Orgánico es mejor para vos y para el ambiente.

Conocé en esta nota escrita por María Victoria Benedetto (Lic. en Ciencia y Tecnología de Alimentos-UBA) cómo es la producción orgánica y cuáles son sus beneficios.

A la hora de elegir un alimento son cada vez más las personas que se interesan en conocer su composición nutricional, origen, método de producción y elaboración, entre otros aspectos. Esta tendencia muestra el acercamiento de los consumidores hacia un estilo de vida diferente, más saludable, con más conocimiento y consciencia sobre lo que ponemos en la mesa, y en la boca.

Los alimentos orgánicos responden bien a esta necesidad porque se producen bajo estrictas normas, desde la semilla hasta el producto final. El atractivo más conocido y que los hace muy buscados es que están libres de residuos de agroquímicos y de organismos genéticamente modificados (los famosos transgénicos). Pero cuando elegís un producto orgánico no solo elegís comer más sano sino que cuidas el ambiente. El suelo, que es la fuente de nutrientes, se protege de la degradación utilizando técnicas amigables como son los abonos orgánicos por ejemplo.

De esta manera no se necesitan agregar fertilizantes de síntesis química porque los nutrientes se mantienen equilibrados y el suelo se mantiene vivo. Se promueve la biodiversidad porque es la clave para producir sin degradar y eso hace a las plantas más sanas, con mayor inmunidad ante el ataque de plagas. Y por eso las flores, los insectos y la vida en general es promovida. Si la producción es de animales se tiene en cuenta su bienestar, la cantidad de acuerdo al espacio y que la conducta y dieta sea lo más parecida a la natural de la especie, sin ningún tipo de maltrato. Y si la materia prima luego se elabora, también se cuida todo el proceso, para que no se contamine ni se le adicionen ingredientes o aditivos químicos como conservantes, colorantes o acidulantes.

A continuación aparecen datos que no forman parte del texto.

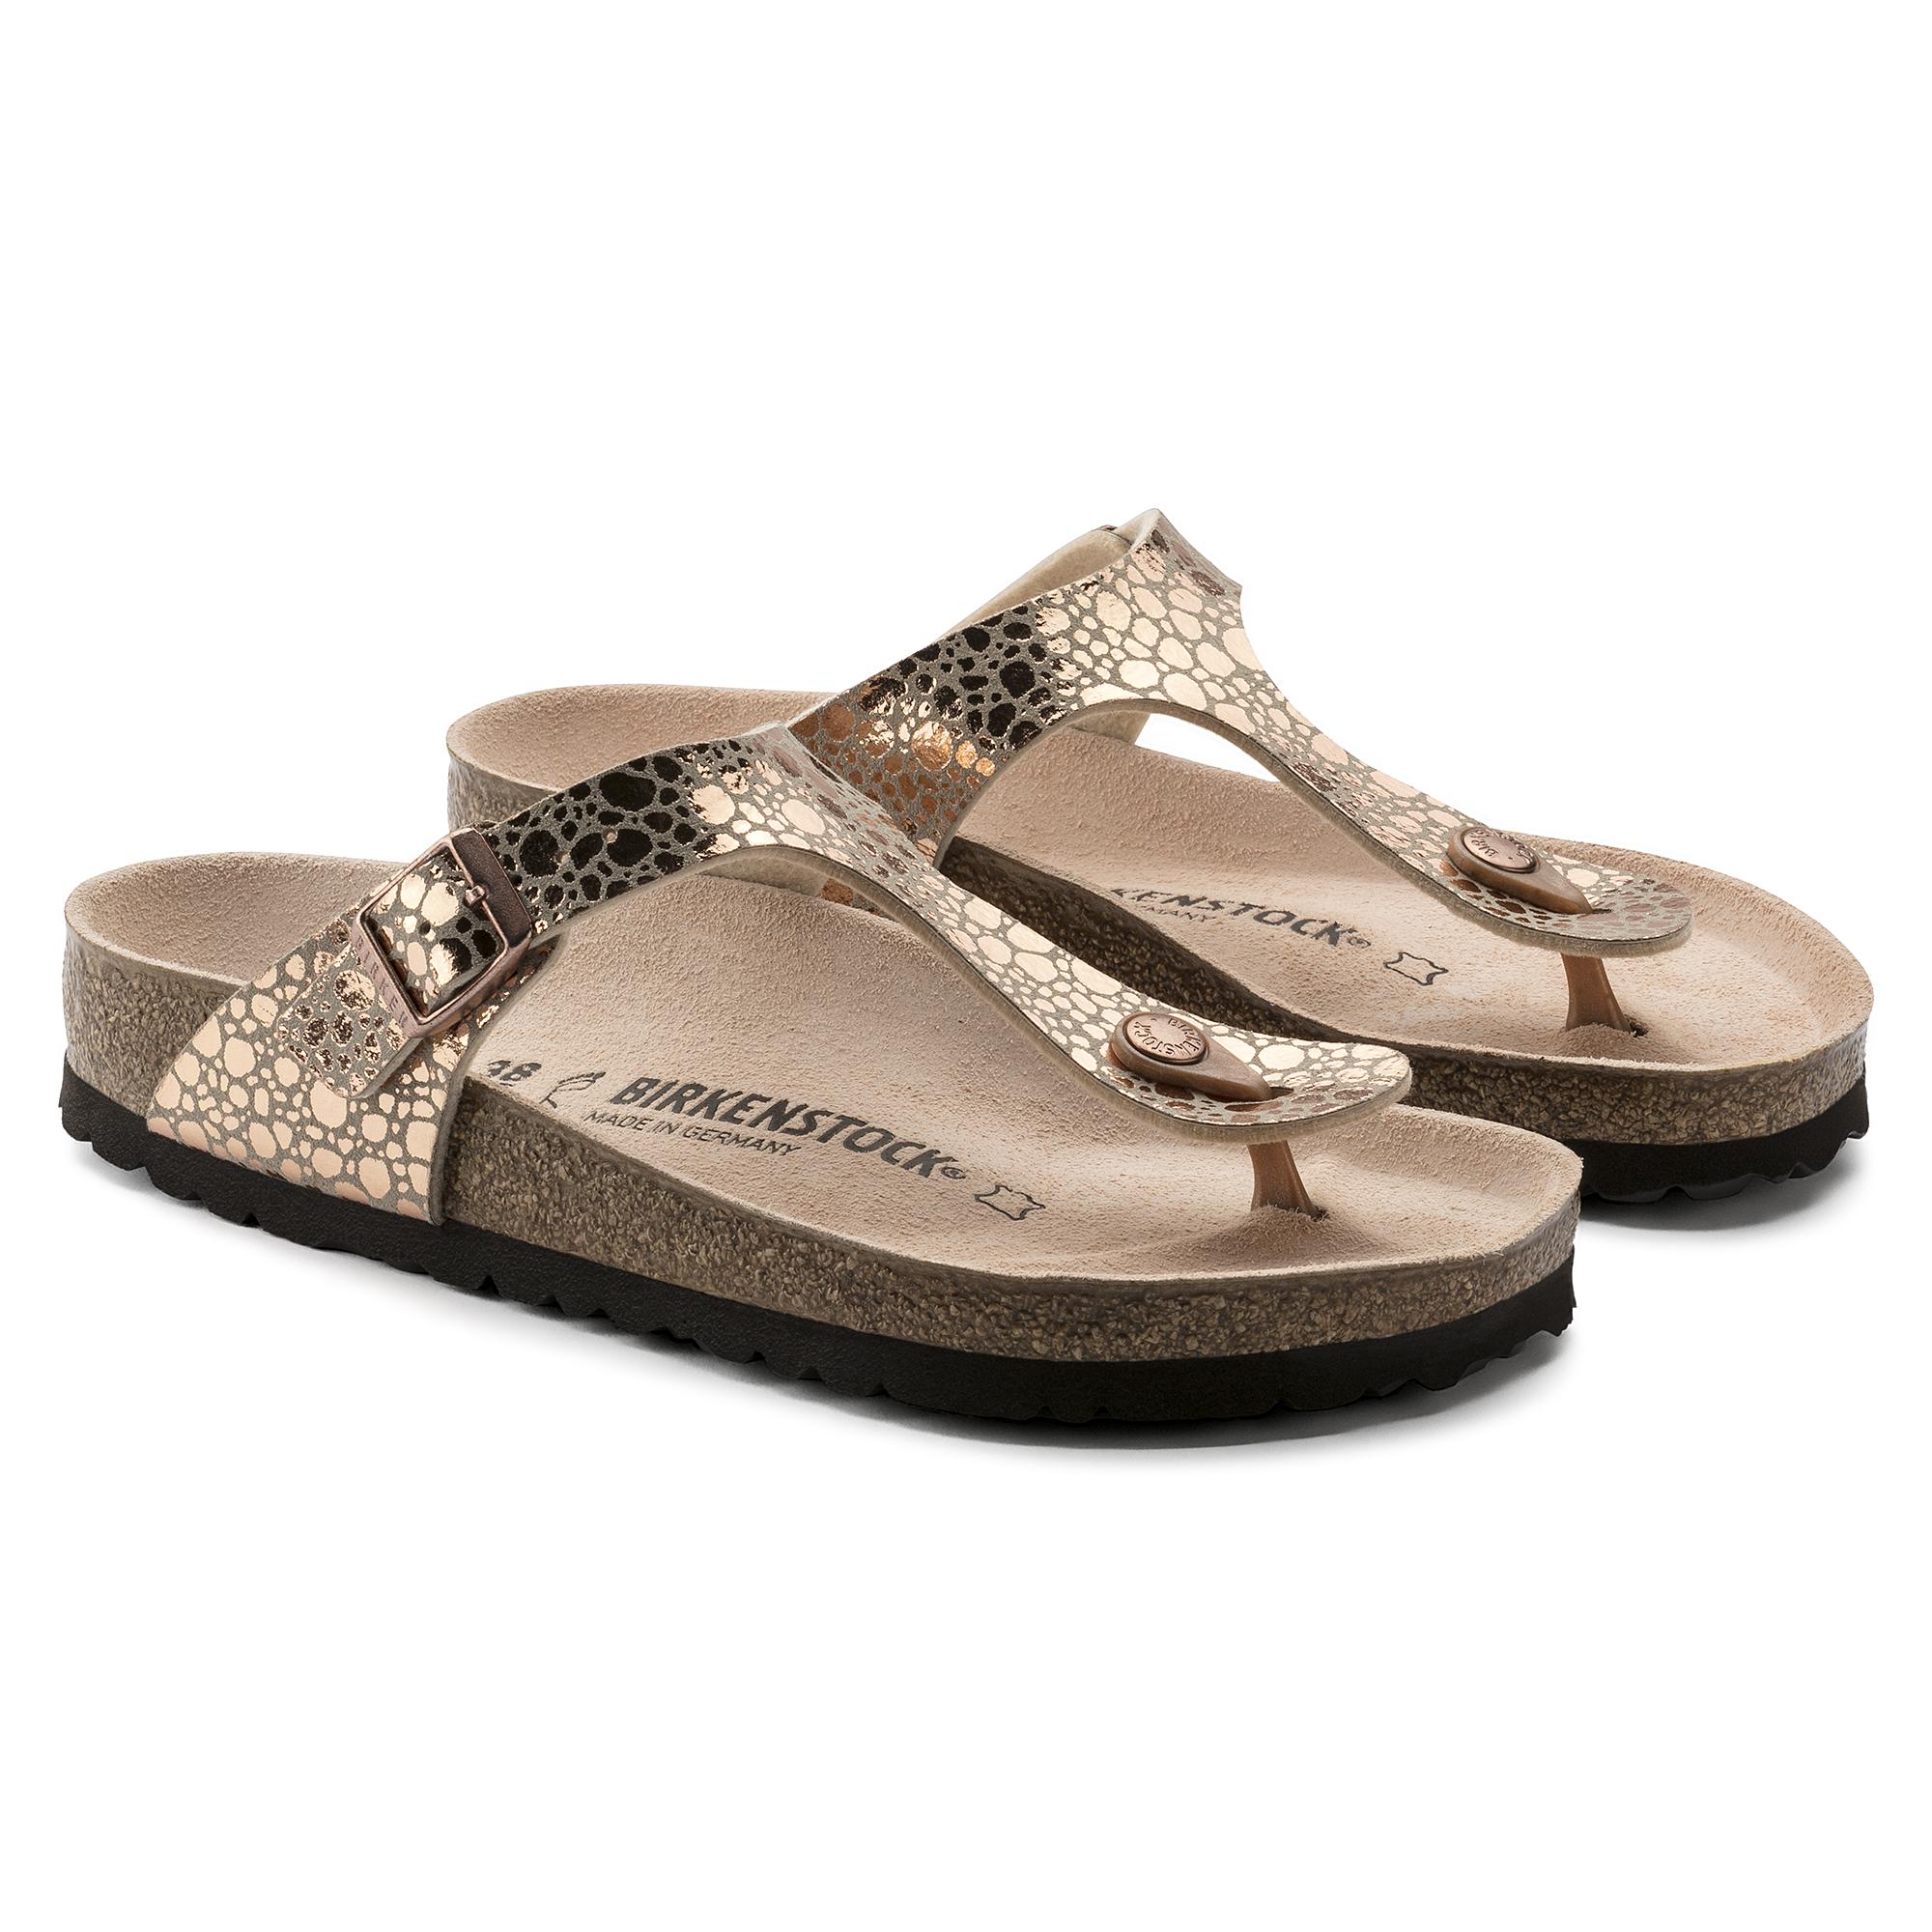 Birkenstock Gizeh Metallic Stones Copper Shoemed

Así los suelos permanecen productivos, los ecosistemas se fortalecen (se escuchan las aves) y las napas, ríos y arroyos no pierden sus bondades. El aire se vuelve respirable.

Además la producción orgánica consume menos energía debido a que no se utilizan fertilizantes ni pesticidas químicos y contribuye significativamente a reducir los gases de efecto invernadero.

Claramente la forma de producción es muy diferente a la convencional y los resultados se ven en la composición y calidad nutricional de los alimentos.

— Mayor cantidad de compuestos antioxidantes en frutas y verduras.

— Mayor cantidad de azúcares, que aporta mejor sabor en frutas y verduras.

— Mayor contenido de grasas poliinsaturadas en carnes y leche, que poseen efectos beneficiosos sobre el organismo humano.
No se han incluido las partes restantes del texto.